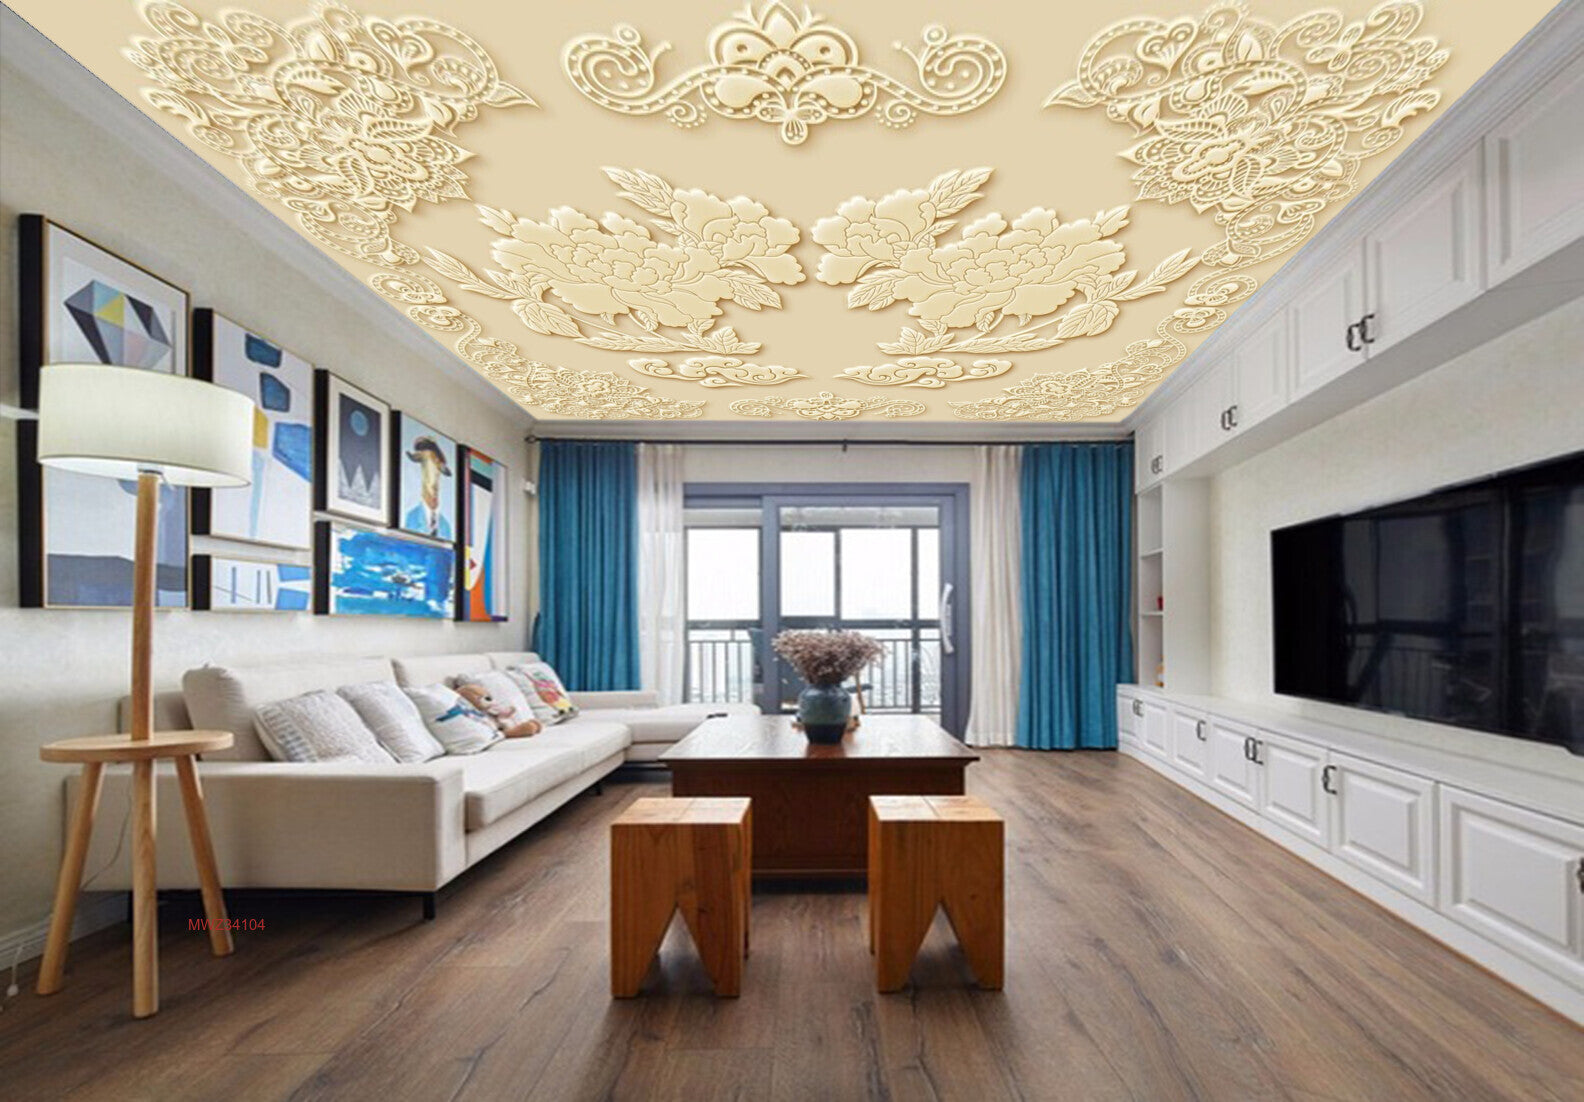 Avikalp MWZ3410 Creamy White Flowers Leaves HD Wallpaper for Ceiling
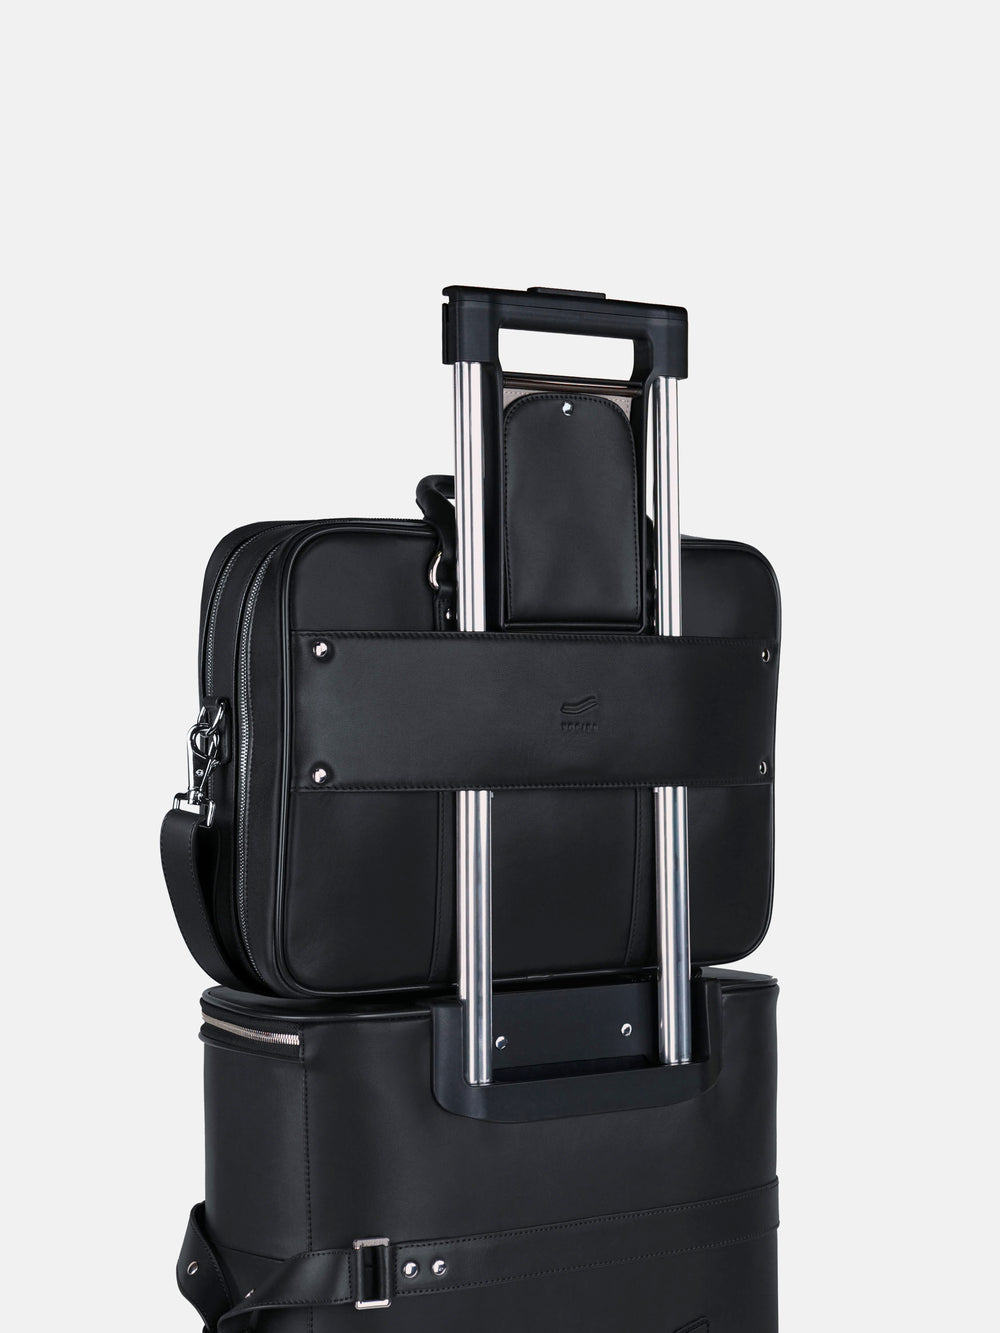 f26 on luggage black leather schwarzes leder
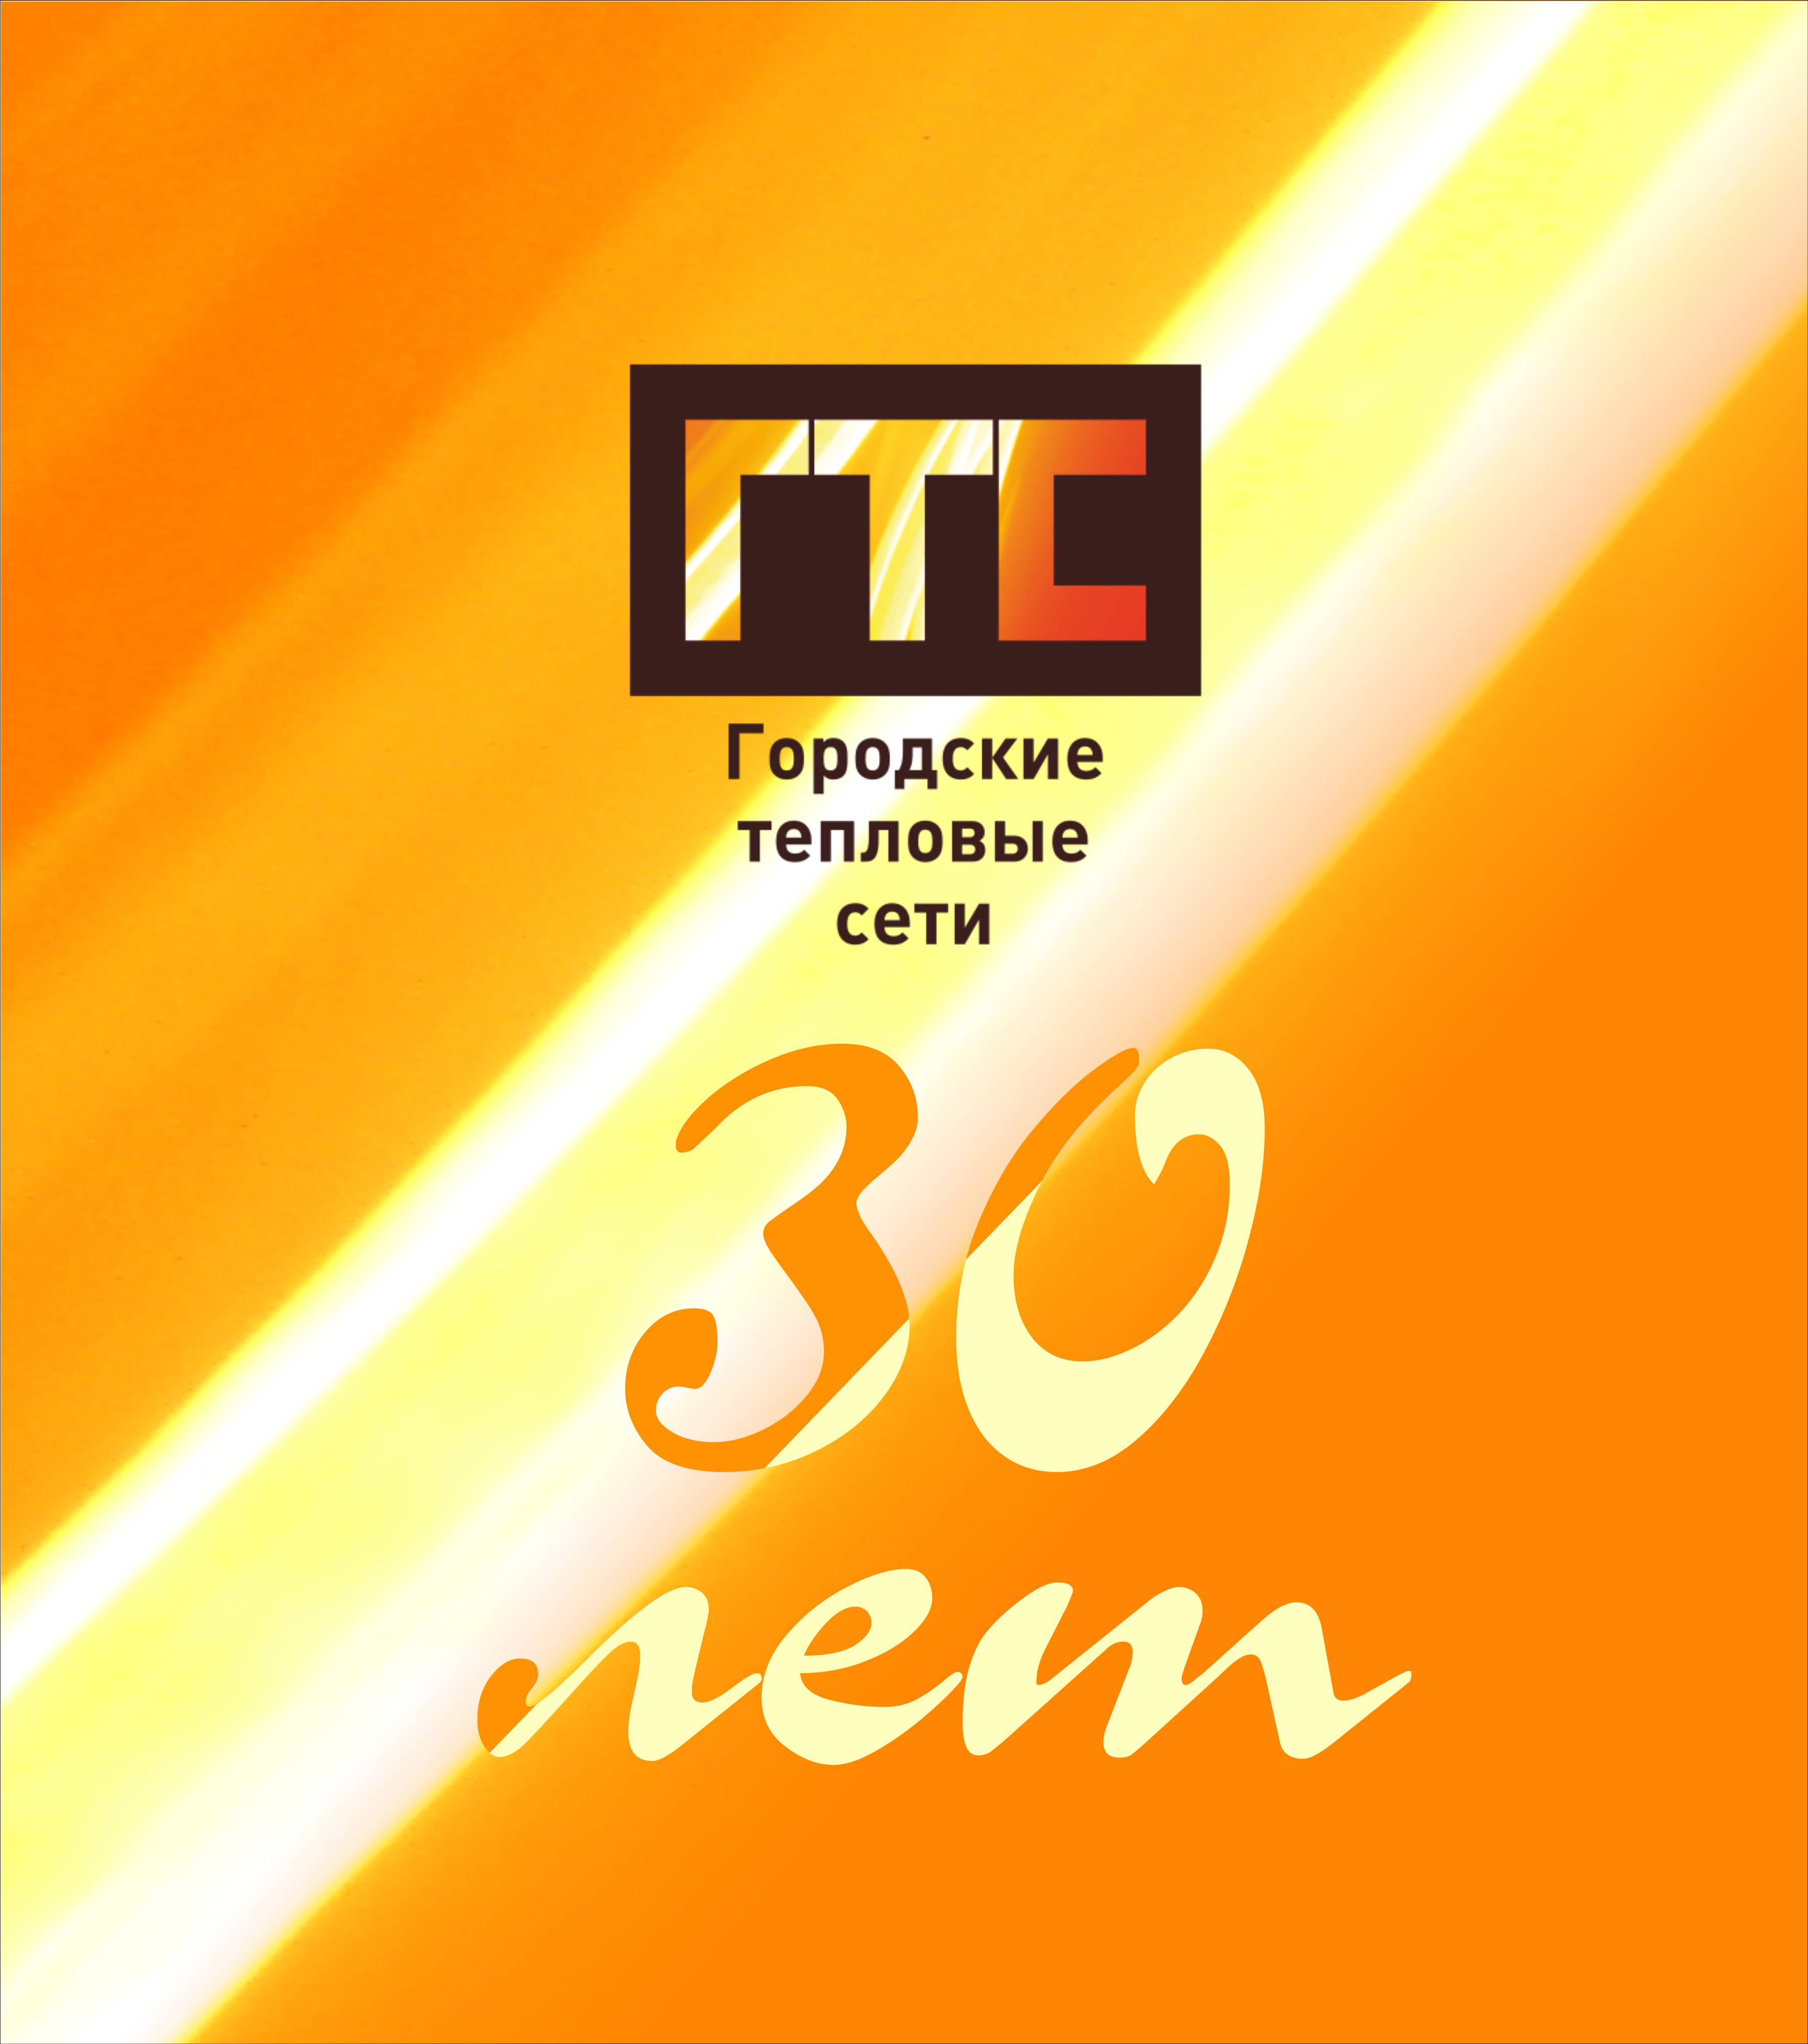 10 февраля сургутское городское муниципальное унитарное предприятие «Городские тепловые сети» отмечает 30-летний юбилей

WORK REQUEST → Copy the data exactly. Pictures do not belong in the copy.

SOLUTION TO THIS EXERCISE →
 Avikalp MWZ3410 Creamy White Flowers Leaves HD Wallpaper for Ceiling
 f26 on luggage black leather schwarzes leder
 10 февраля сургутское городское муниципальное унитарное предприятие «Городские тепловые сети» отмечает 30-летний юбилей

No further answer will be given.